US cellphone service providers, including Seven customers Cingular Wireless and Sprint, are counting on wireless data services like downloading games and movies to succeed in order to offset steep declines in the price of phone calls, their core product. That makes Sexton's mission most critical.

Sexton recently talked with CNET News.com about kick-starting mobile data use in the United States, whether Wi-Fi phones are the answer and other topics.

Q: 3G services are hitting the United States. But how much value is there in paying $80 a month for what, on its best day, amounts to a very slow DSL connection?
A: If you're just really a heavy-file power junkie looking for speed, I agree -- it won't meet my needs.
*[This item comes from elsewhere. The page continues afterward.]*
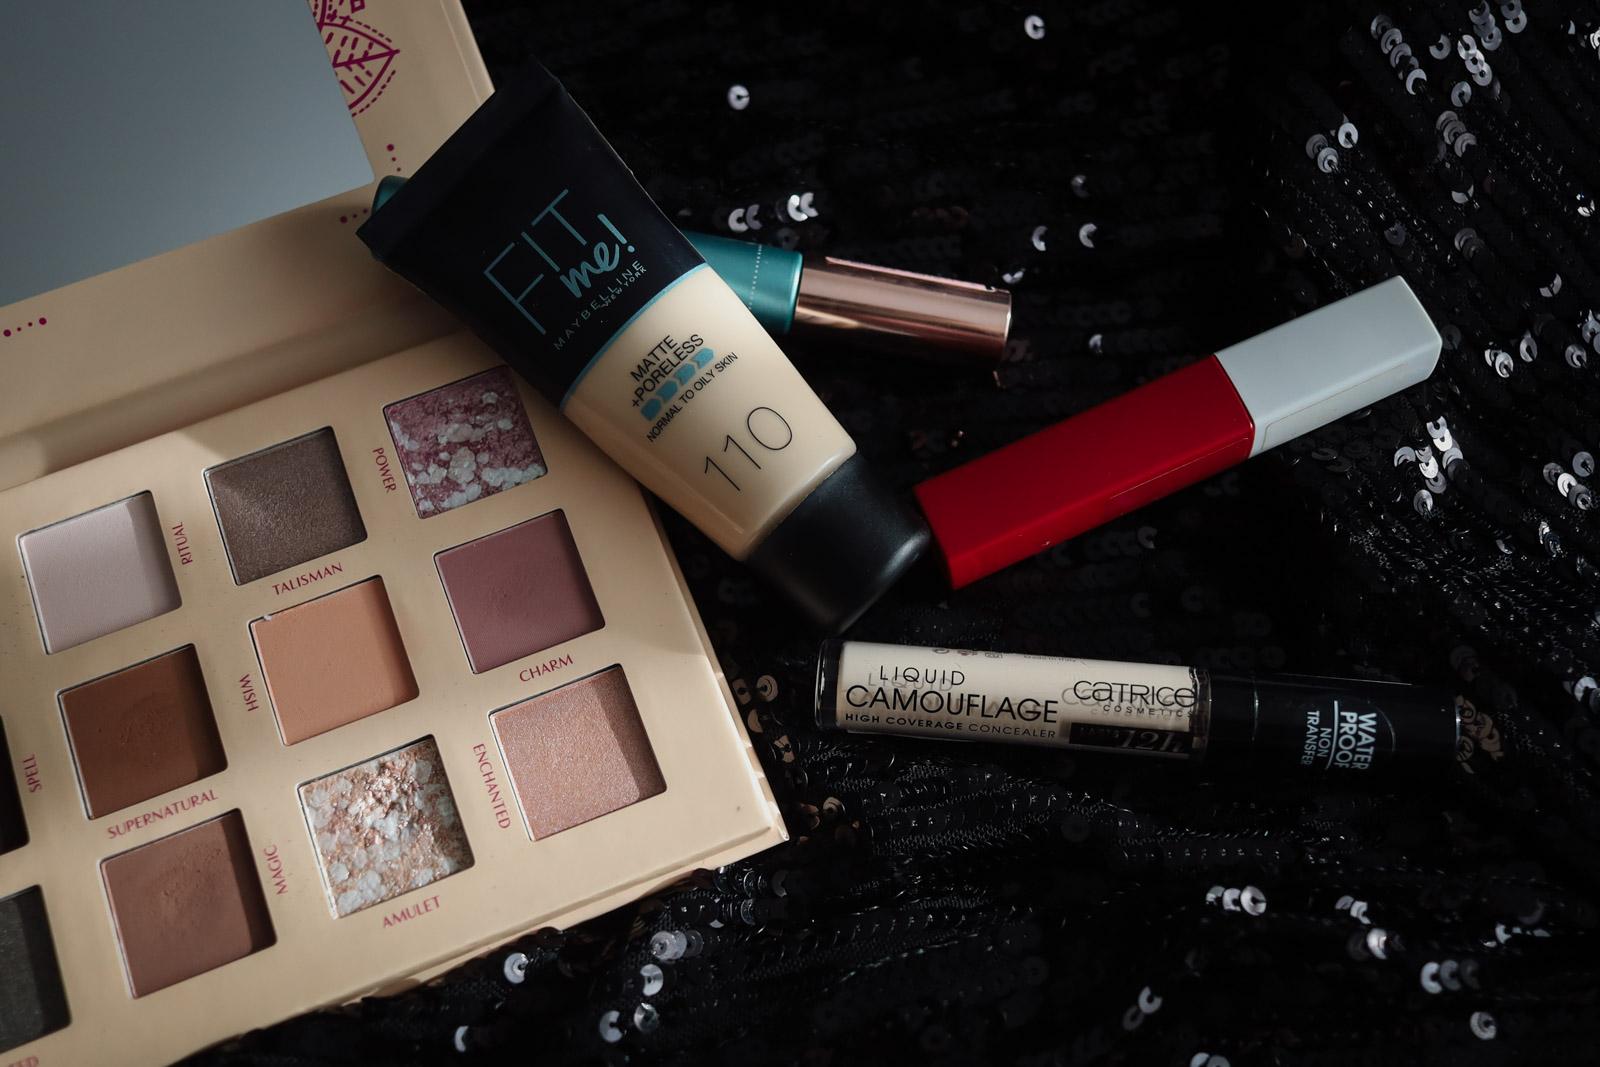 Maquilhagem essence, Catrice, L'Óreal Paris & Maybelline

But if you're using it with a PDA or phone, and pulling down simpler emails and photos instead of PowerPoints, I think it'll be a pretty good service.

But it's not really fast enough for video, which carriers seem to be banking on quite heavily?
That's where codecs can help. I sit on the board of a company creating better ways to download music onto cellphones. What they and others are doing is making it much easier to run these sorts of music applications. The same thing is happening to video.

What are carriers doing wrong in their approach now to wireless data?
In the early days, people got ahead of themselves. Now we have colour screens and as a result you're seeing more browsing traffic on phones. Camera phones are definitely helping. Now you're seeing two-megapixel camera phones, which is a lot more data to push across a network. That forces manufactures to have faster processors, better quality screens and more memory.